The day starts with registration and some time on the practice range. Both  open at 7 a.m. The tournament opens with a shotgun start at 8:30 a.m. The format is Captain’s Choice. Each player will receive a swag bag, as well. There will be snacks provided during registration and beverages will be avaialbe throughout the event. The tournament concludes with lunch and an award ceremony. Individual golfers and teams are welcome.

“We have Hole-in-One, longest drive, closest to pin and putting contest this year,” said Kishbaugh. ”Sammio’s is doing food. Moe’s is providing chips and salsa for post-golf and beverages are from Healy and for the third year, Dirtbag Ales will set up a booth.”

This year’s tournament includes several side events that include a putting contest sponsored by Carolina Imaging, a Hole-in-One contest sponsored by Events 2 America and a raffle sponsored by the Carpe Diem Foundation. There is a nominal charge for each event.  

The raffle is a 50-50 and winners do not have to be present to win. Tickets will be available before the tournament at the RPK Center. Cost is $5 each or 5 for $20. The pot is typically $700-800. 

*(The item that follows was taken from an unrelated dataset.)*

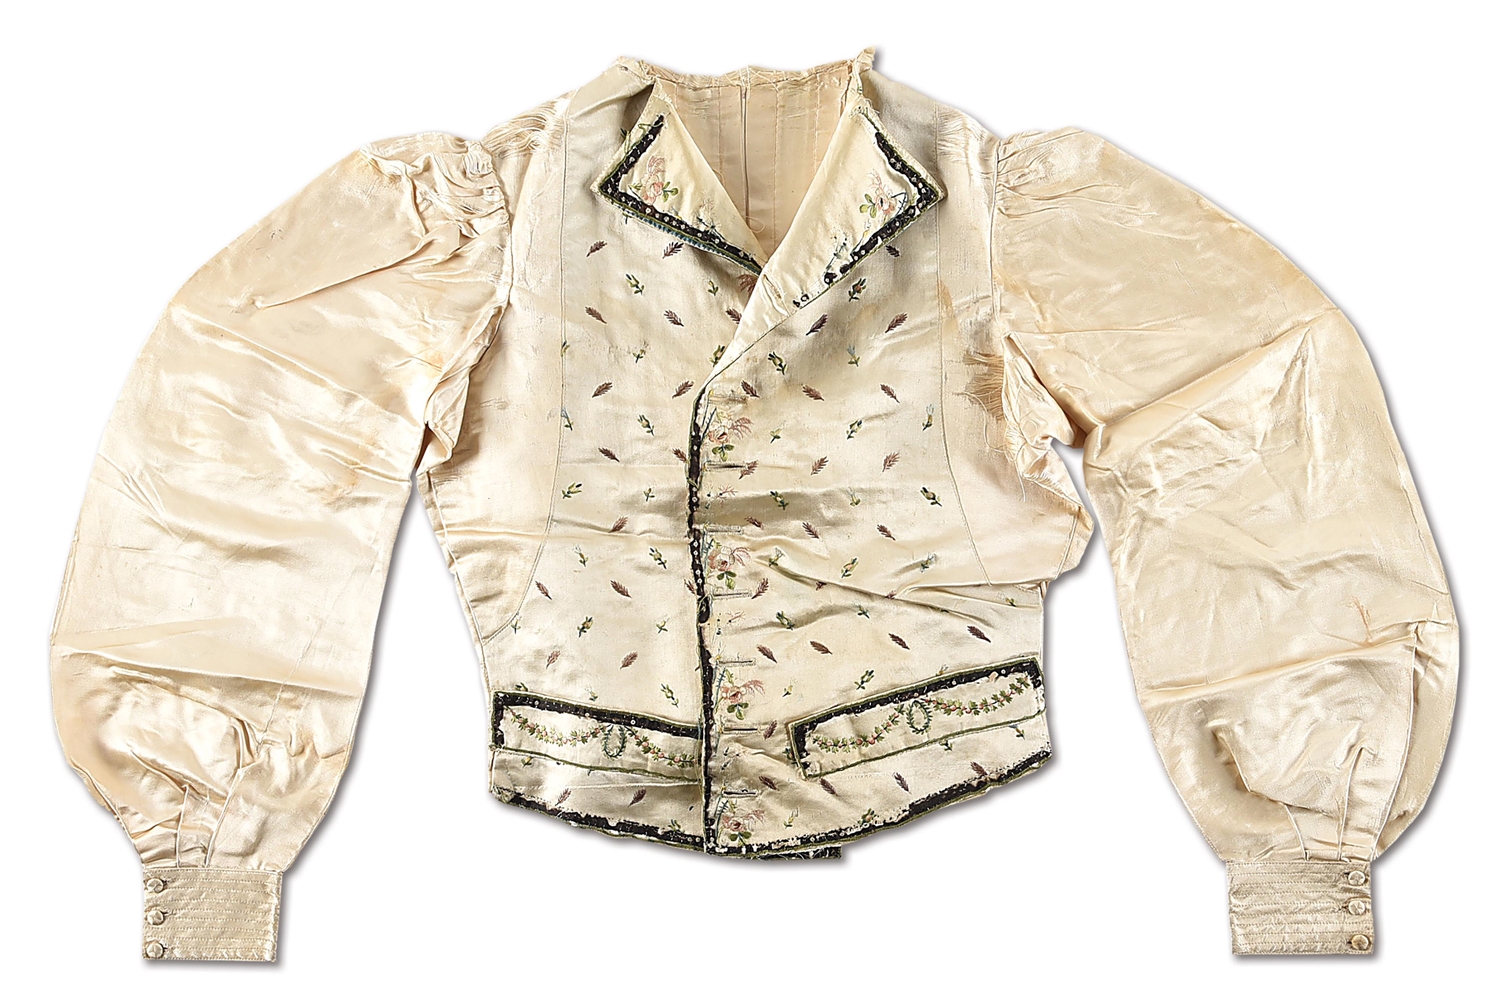 LAFAYETTE ATTRIBUTED EMBROIDERED SILK SLEEVED VEST OR WAISTCOAT.

Golfers can participate in the putting contest for a small fee. They get one putt and the three best putts in the preliminary round get a chance to putt-off after the round is played. The winner of the putt-off then gets one chance to sink a 60-foot putt for $2,500.The top three get consolation prizes. 

Events to America runs a $10,000 Hole-in-One Challenge. Golfers can participate in this contest for a small fee. Participants receive prizes for participating and they will split $10,000 with the charity (Carpe Diem) if they get a hole-in-one. 

Corporate sponsors can compete for the tournament trophy and the company and player names will be added to the trophy. The trophy will then remain in the possession of the winning team until the 2016 tournament when it will again be up for grabs. Online registration includes a 1-year subscription to Golf Digest (a $10 value).

Kishbaugh looks forward to the tournament each year, as do many of the participants because so many of Ryan’s friends come and participate.

“It is fun seeing friends and family reconnect.Some of the kids don’t see each other except at the tournament and it is great to see them get together again,” said Kishbaugh. “I am also humbled by how much community support we get from individuals and companies. Some have been helping since the beginning, others have heard about us and come out just to be part of things.” 

Nongolfers can make a difference by donating to the cause. Proceeds benefit the Carpe Diem Foundation. Since its inception, the foundation has raised more than $30,000. The majority of monies raised go to the Leukemia and Lymphoma Society (LLS). The mission of the Foundation is to:

• Help provide college scholarship assistance to student athletes with a chronic medical condition.

• Support other charitable organizations (such as LLS)

• Promote and help fund education and research for the treatment of chronic illnesses, especially those that affect young adults.